Output the full listing exactly as written, with no pictures in it.

- **RECORD EXCERPTS**:
════════════════

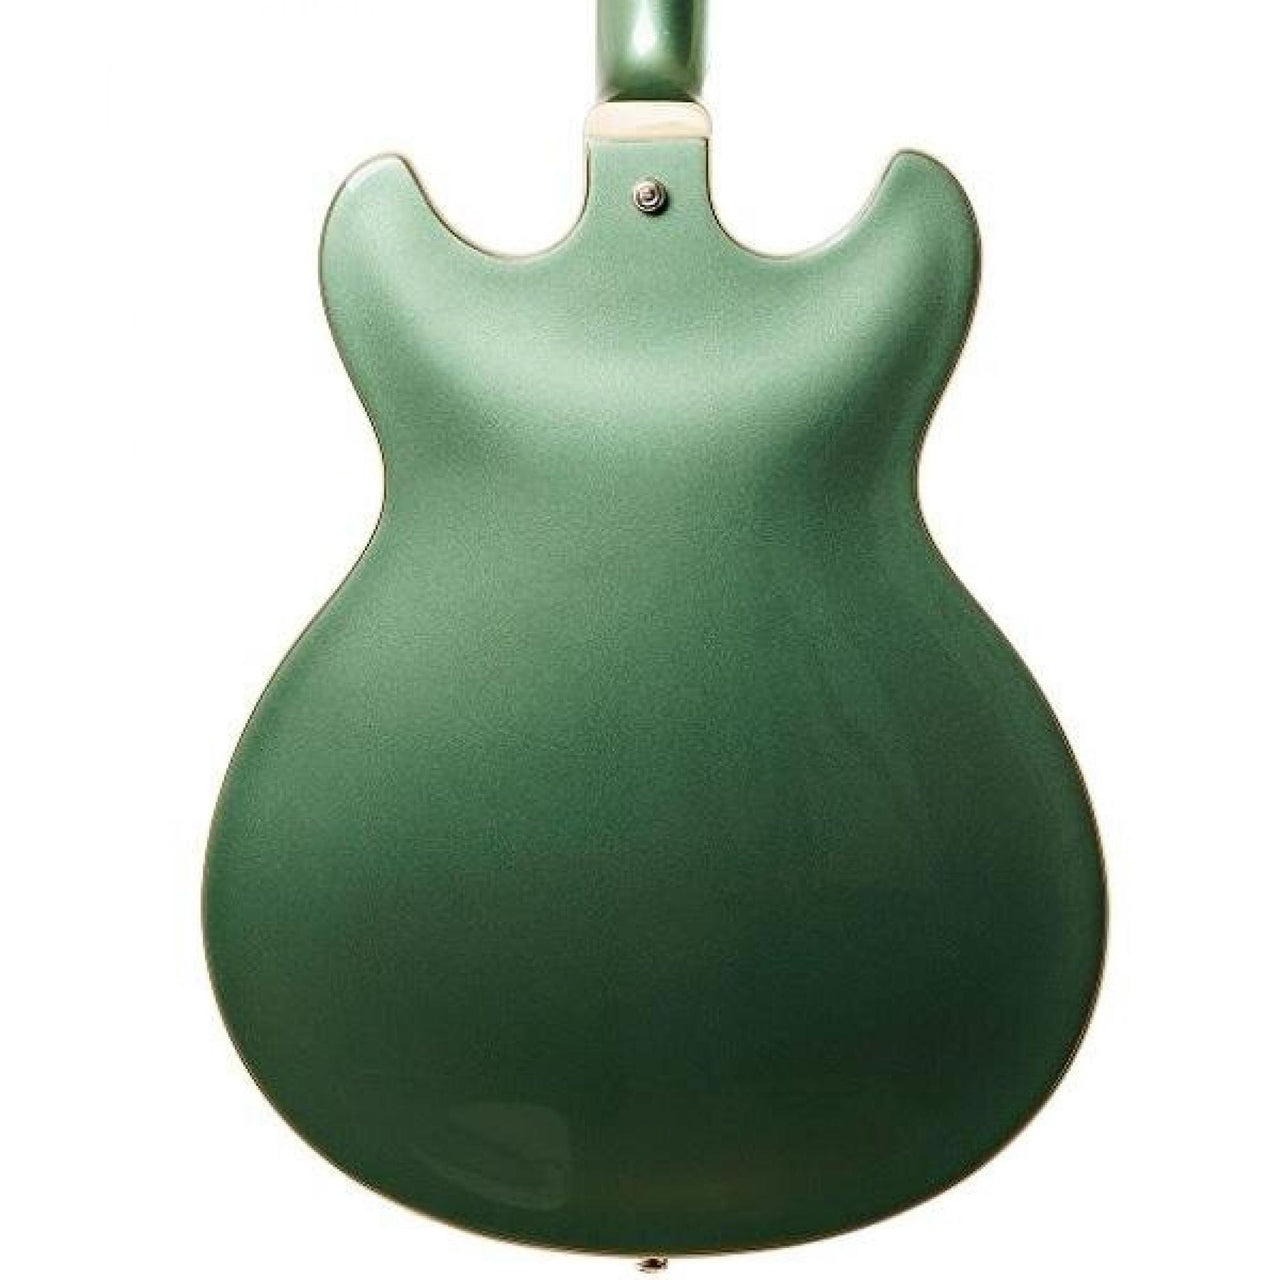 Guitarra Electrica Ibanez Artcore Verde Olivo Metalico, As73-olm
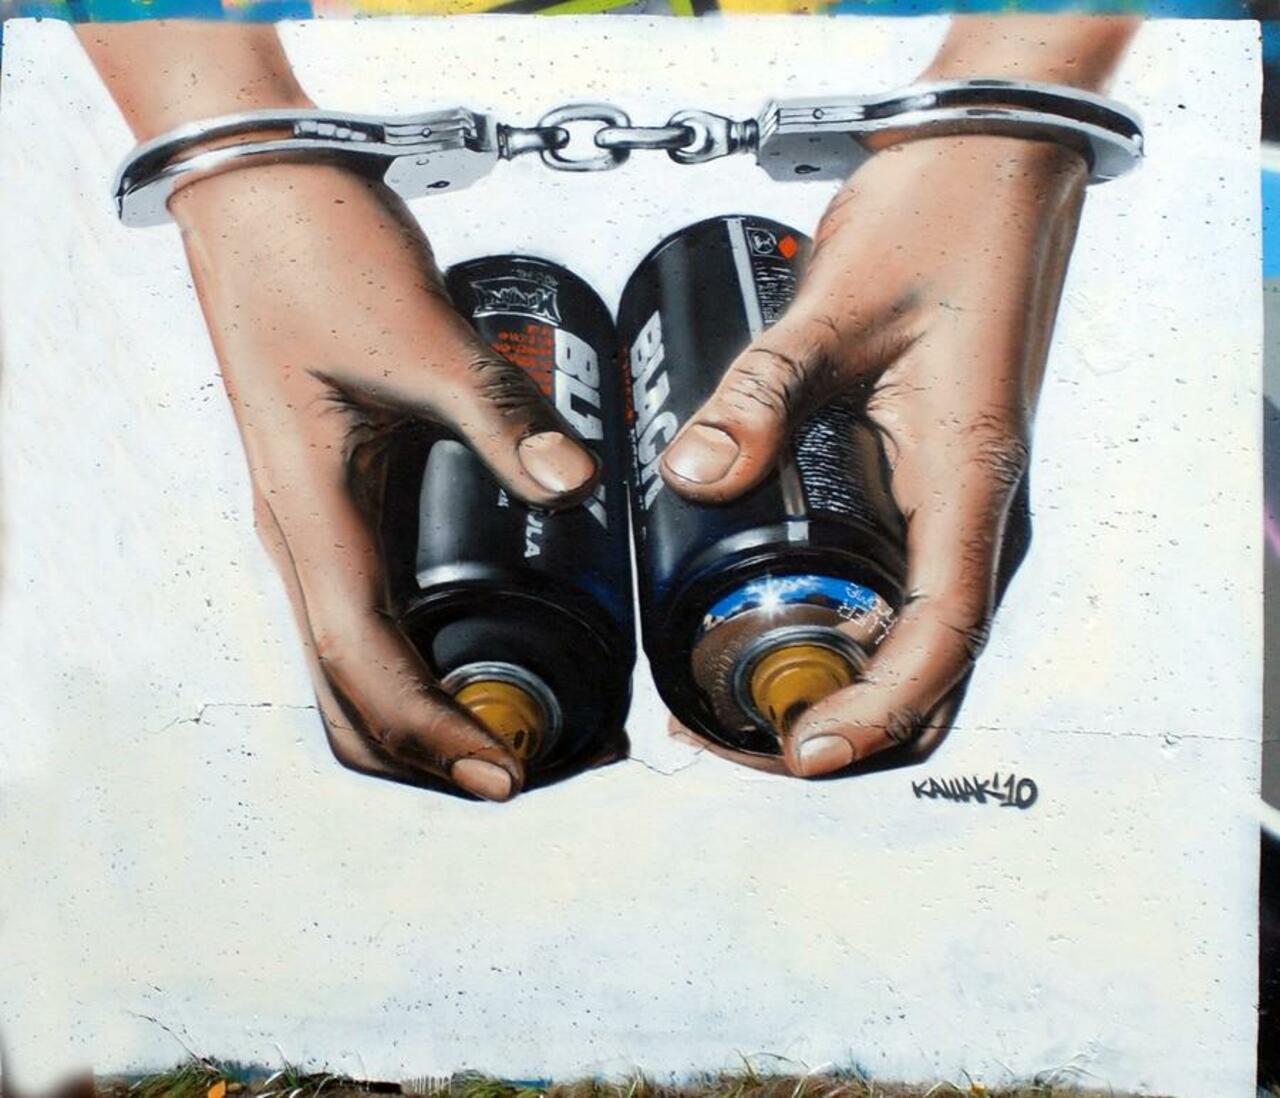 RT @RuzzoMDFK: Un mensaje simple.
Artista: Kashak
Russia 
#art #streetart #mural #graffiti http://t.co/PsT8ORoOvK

════════════════

- **WRITTEN RESPONSE**:
 Guitarra Electrica Ibanez Artcore Verde Olivo Metalico, As73-olm
 RT @RuzzoMDFK: Un mensaje simple.
Artista: Kashak
Russia 
#art #streetart #mural #graffiti http://t.co/PsT8ORoOvK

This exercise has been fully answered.